Charles Edward Shannon Jr. (August 31, 1943 – April 5, 2005) was a Massachusetts state senator. He represented the Second Middlesex district from 1991 until his death in 2005, first as a Republican and later as a Democrat. A resident of Winchester, Massachusetts, Shannon served as a Lexington policeman and a Winchester town official prior to serving in the state legislature.

==Biography==
Born and raised in Cambridge, Massachusetts, Shannon attended St. Mary's Elementary School and St. Mary's High School. He graduated with a B.S. from Northeastern University in Boston. He served as a police officer for 20 years in Lexington, Massachusetts until a heart attack led him to be medically retired from the force. He was cited and received awards for heroism twice. He moved to Winchester in 1982. He eventually was elected and served as chairman of the Winchester Board of Assessors from 1989 until 1990. He was elected as a Republican for the Massachusetts Senate, unseating 6 term Democratic incumbent Salvatore Albano, and was sworn in January 1991. In December 1996 he announced a switch to the Democratic Party, reversing an earlier switch; he had been a Democrat prior to serving in the Senate.

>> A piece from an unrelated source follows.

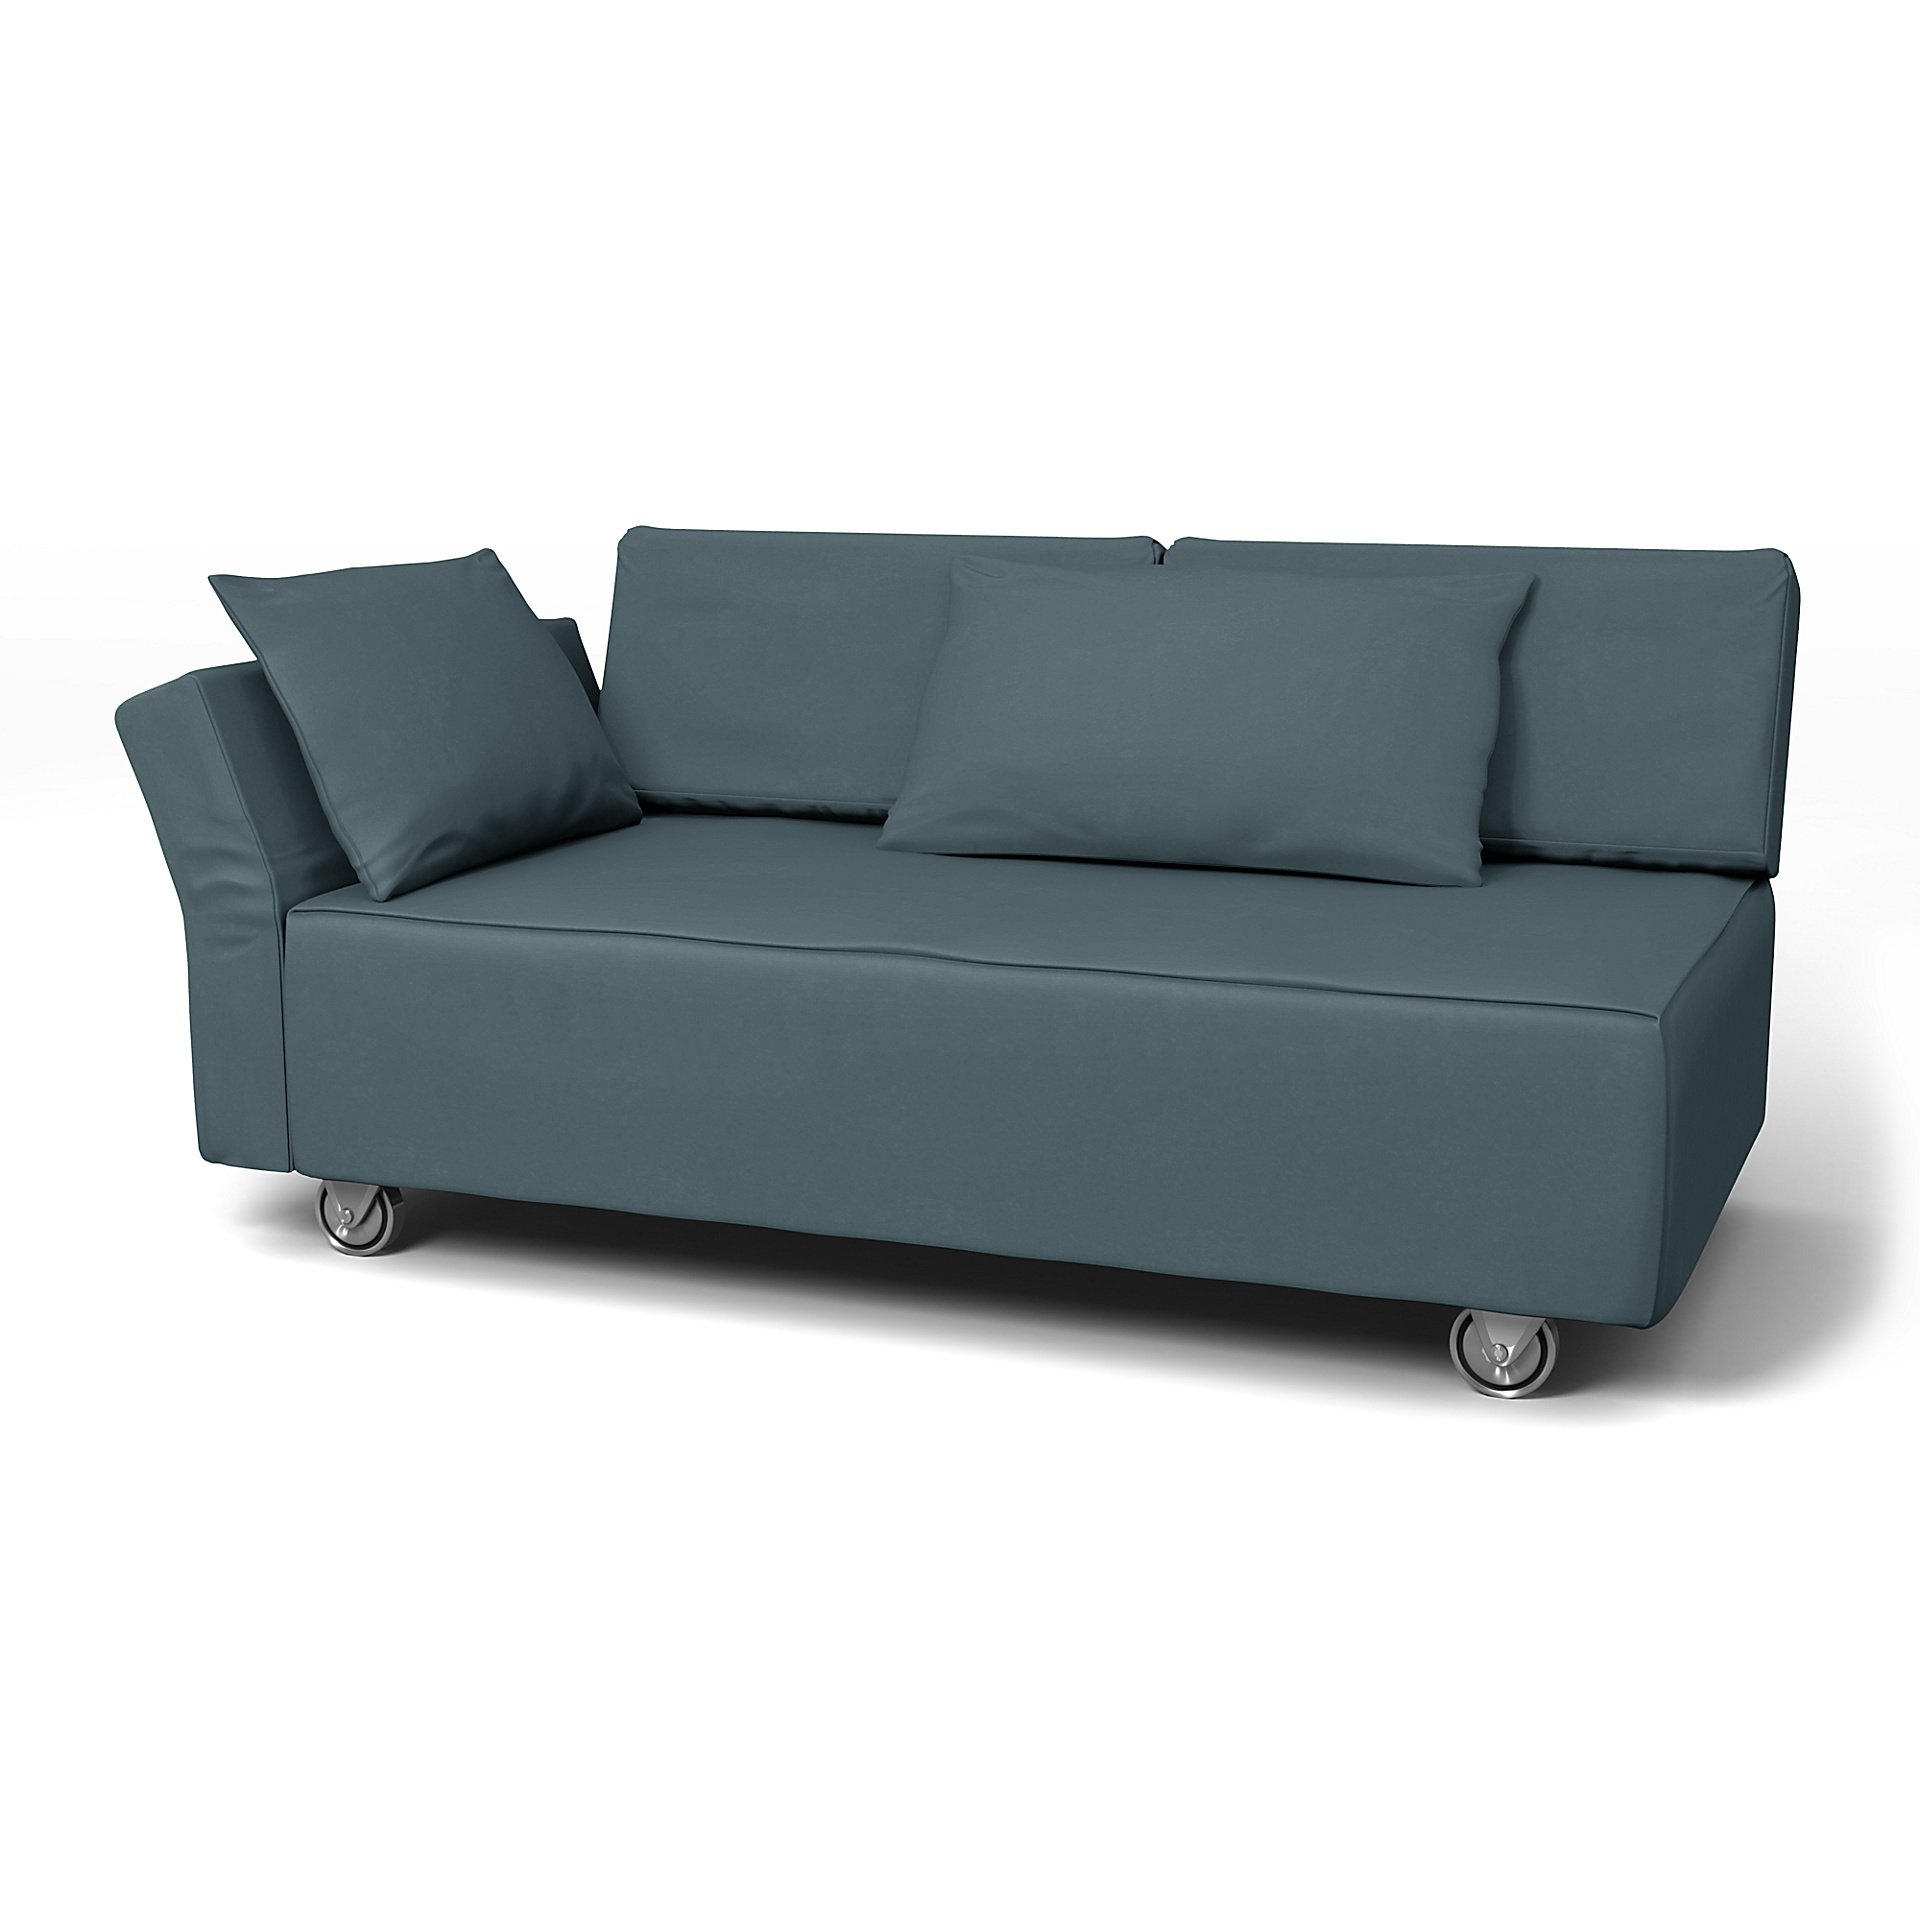 IKEA - Falsterbo 2 Seat Sofa with Left Arm Cover, Duck Egg, Velvet - Bemz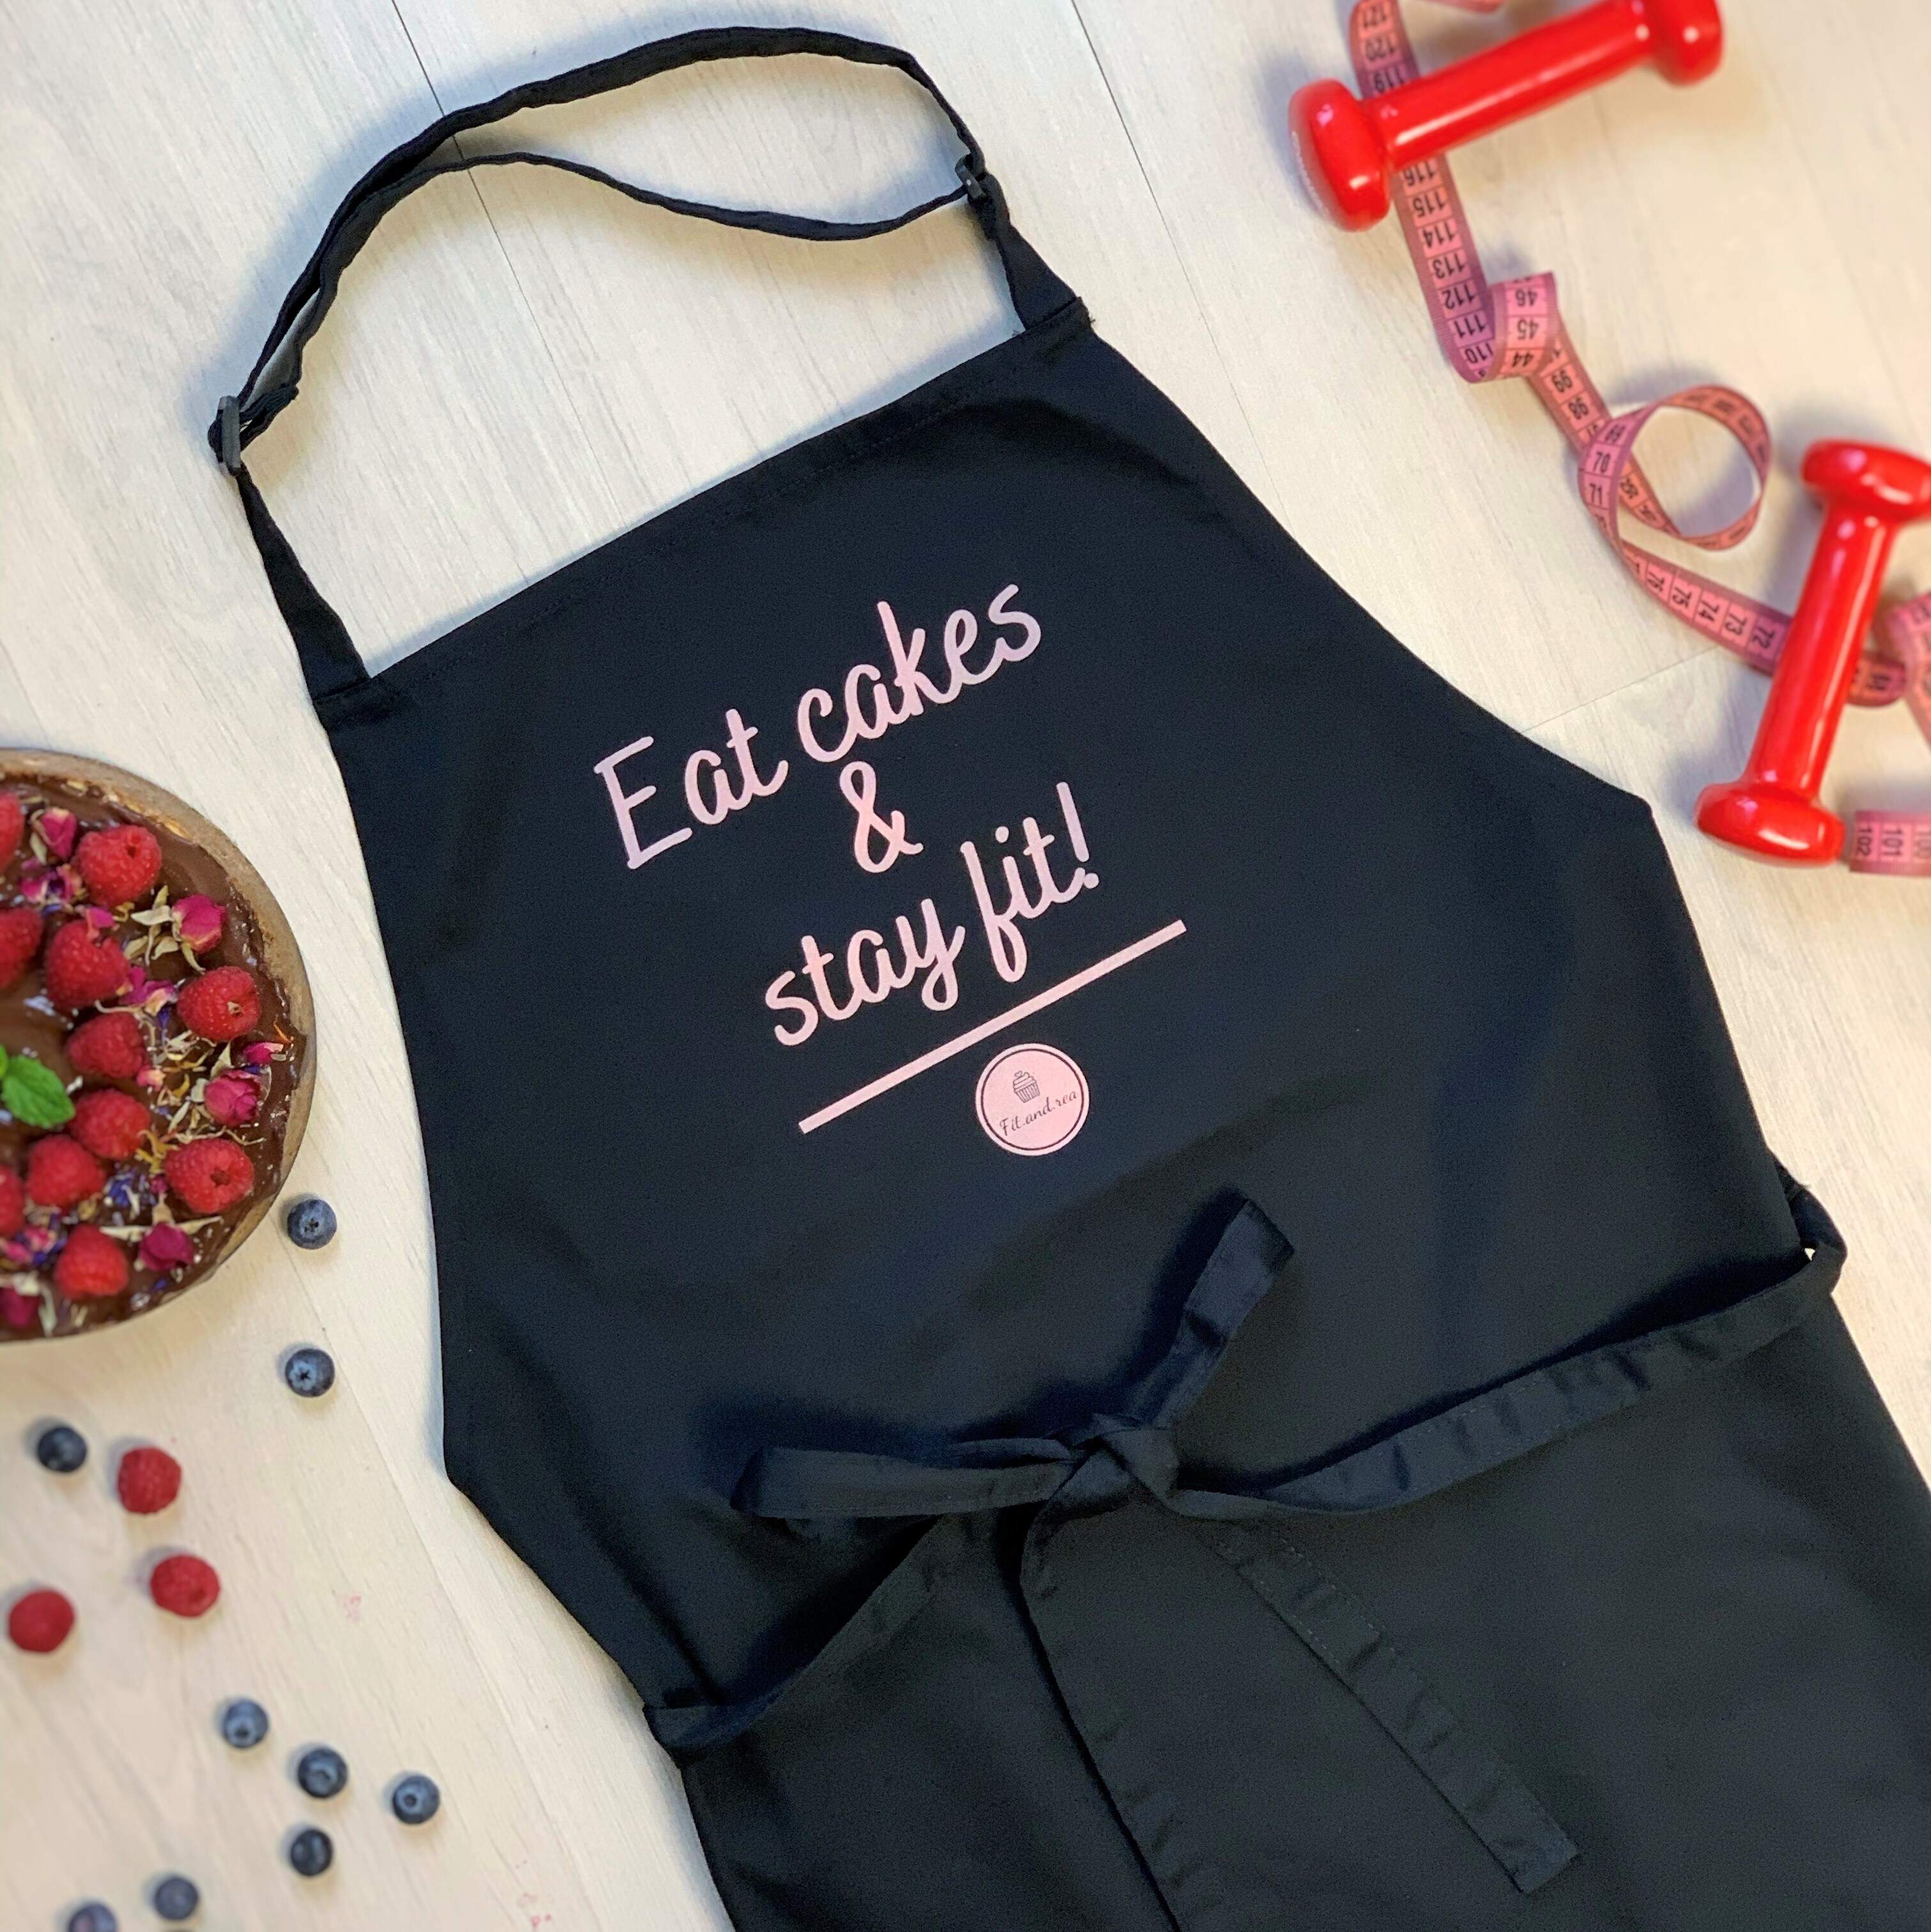 Zástera - Eat cakes & stay fit!

In December 2004, shortly after election to an eighth term, Shannon was diagnosed with leukemia. He had previously been treated for cancer in 1990 and 2002. In February 2005 he received a bone marrow transplant. Antirejection drugs he took after the transplant caused an adverse reaction, which led to his death from heart failure. He died April 5, 2005, at Massachusetts General Hospital in Boston.

==Honors==
In 2008, Sandy Beach in the Mystic River Reservation was renamed to Charles E. Shannon Jr. Memorial Beach.